Some time later, soldiers raid the house and wound Cassidy as they take him into custody. Cassidy wakes in a military bunker. After soldiers rough up Cassidy, Dr. Tobin enters and interrogates him. When he refuses to answer her questions, she orders the soldiers to hit him. Soldiers retrieve Sullivan's footage, and Tobin watches it while she waits for soldiers to retrieve alien torture devices. In the footage, Sullivan and Cassidy further discuss Cassidy's abduction, and Cassidy explains how he has woken up in various distant places after blackouts, including floating on top of water and apparently having dissected a horse. When Sullivan's footage shows a UFO crash land, Tobin orders the soldiers to investigate.

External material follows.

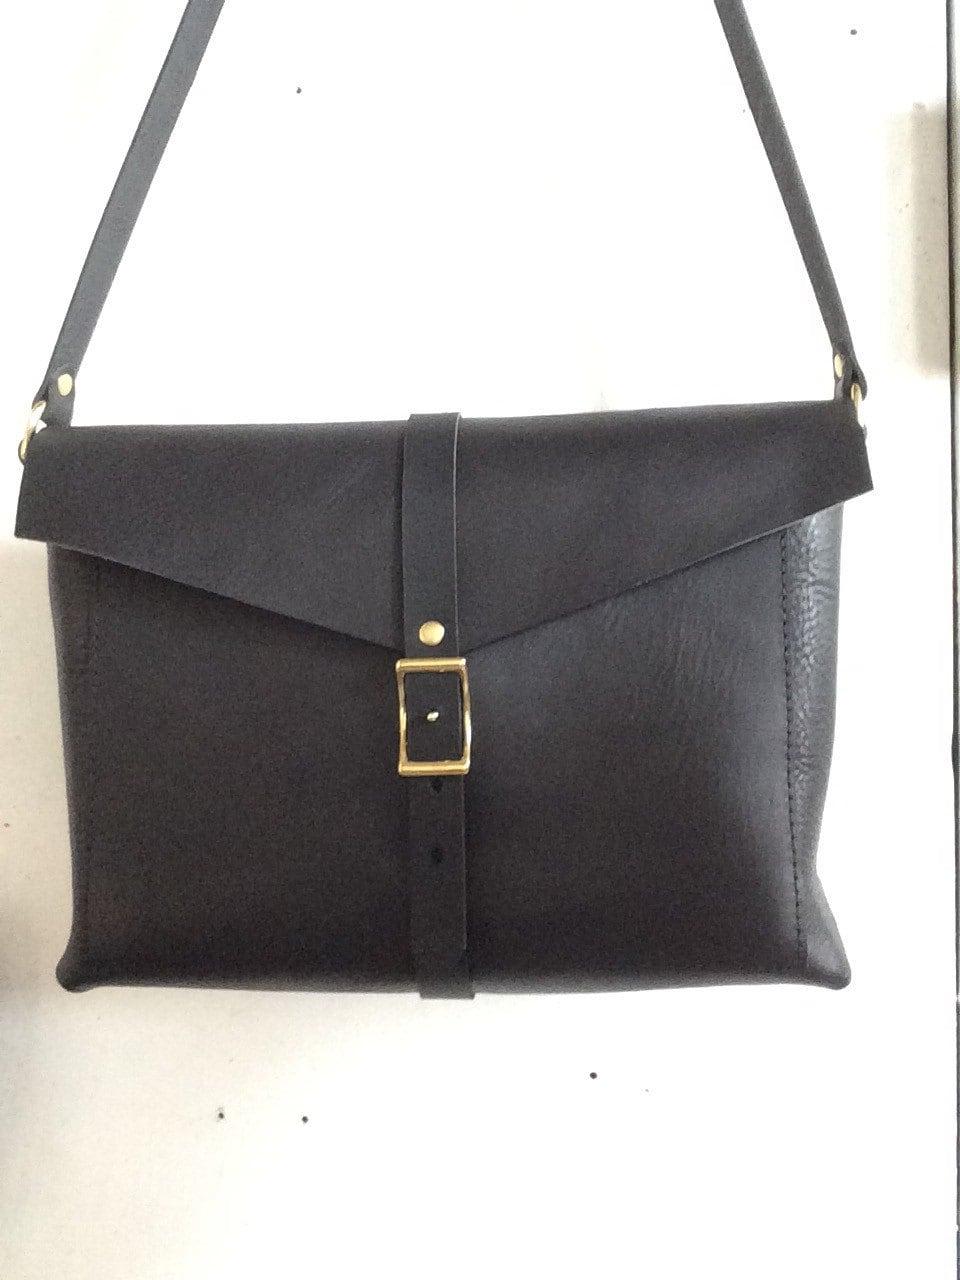 All black Brooklyn Bag
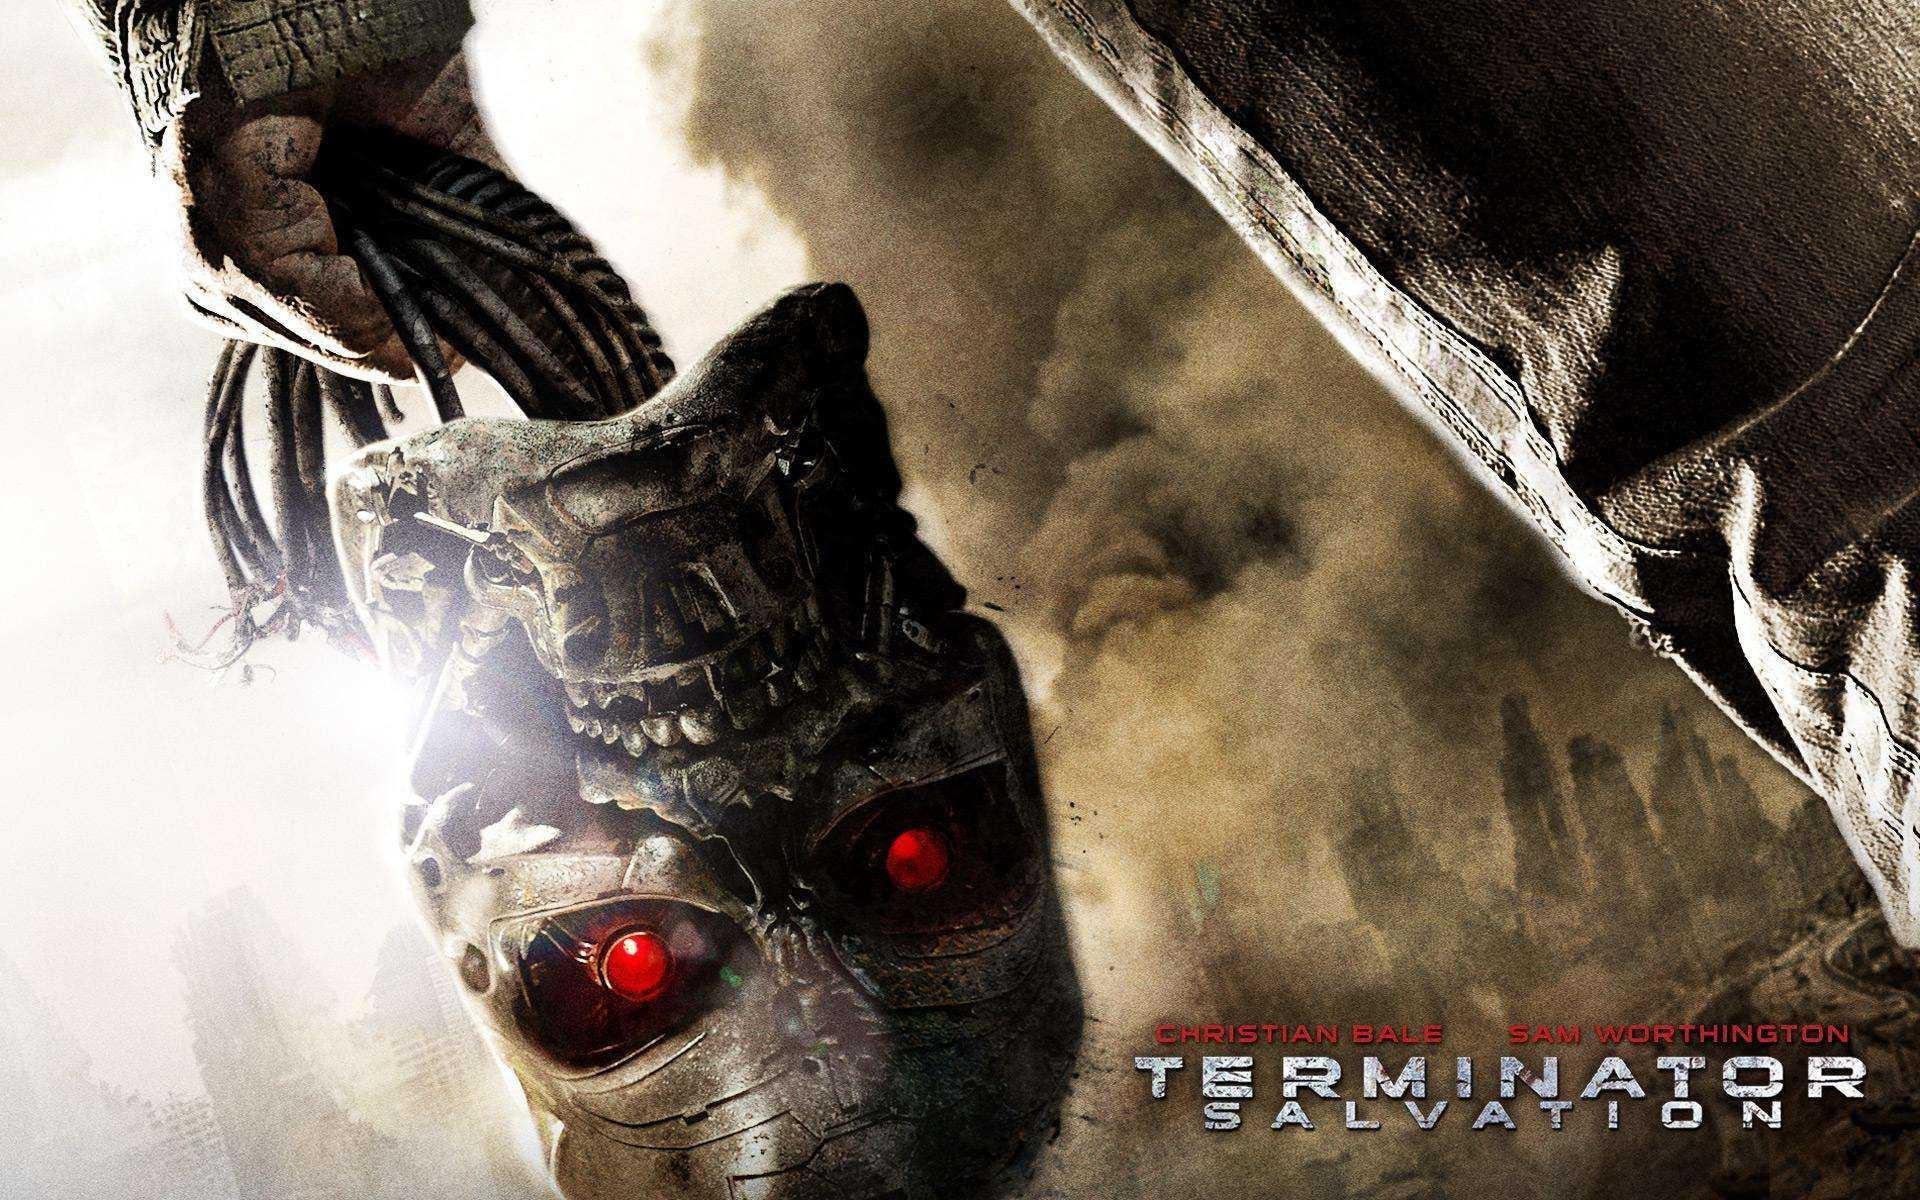 Wallpaper del film Terminator Salvation diretto da McG

The first alien torture device reveals memories from victims, though it destroys their consciousness. The device fails to affect Cassidy, and the feedback kills Tobin's assistant, Heather. Impressed, Tobin tells Cassidy that he is the first person to survive the device intact. As soldiers retrieve a second device, Cassidy and Tobin watch more of Sullivan's footage. In it, an alien chases Sullivan and Cassidy back to Cassidy's house, where they barricade themselves in the attic. After arming themselves with a shotgun, they shoot and kill the alien. Over Sullivan's protestations, Cassidy dissects the alien and finds it contains the same kind of mind-control implant used on himself.

Tobin reveals humanity was contacted by aliens 1300 years ago and have been attempting to reestablish contact since then. The second alien torture device proves similarly ineffective. In an alien voice, Cassidy says they will all suffer – Tobin most of all. Tobin gloats that they killed an alien 60 years ago and shoots Cassidy in the head, killing him; at the same time, Heather rises from the dead and repeats the same threat. Tobin shoots her, too. The soldiers encounter Sullivan, wound him, and after discovering that he is still alive, take him to the bunker under Tobin's orders. When Sullivan's final footage reveals he was abducted as he escaped the military raid, Tobin becomes worried and orders the soldiers to abort. In response, all she hears are their screams as they die.

Cassidy revives from the dead, and Tobin begs him to help her. Cassidy tells her the aliens like him but caused him to suffer unimaginably; he can not conceive of what they will do to her. Tobin watches video surveillance feeds helplessly as Sullivan, possessed by the aliens, kills all the soldiers in the bunker. When Sullivan reaches Tobin and Cassidy, Cassidy pleads with him to remove the implant. Sullivan retrieves a glowing ball of energy from Cassidy's head, killing Cassidy, and places it in Tobin's head, which begins to glow. As government reinforcements arrive, a stricken Tobin raises her pistol to her head and commits suicide. She suddenly jerks awake again, and unsuccessfully makes another attempt, having finally emptied her magazine. In his house, Sullivan records a video blog where he complains the trip was a waste of his time, as nothing happened.

==Reception==
Dread Central praised Ejecta for its script, writing "On the surface Ejecta is a twisting tale of sci-fi horror involving shadowy figures, terrestrial or otherwise; but Burgess, never one to spoon feed you answers, slides in the subtext in an almost inconspicuous manner, compelling the viewer to truly think about what they just watched." Shock Till You Drop also praised Burgess's script in their review and stated that while the film's aliens "do bring some scares, the real horror is the way it toys with the mortality of people and the planet."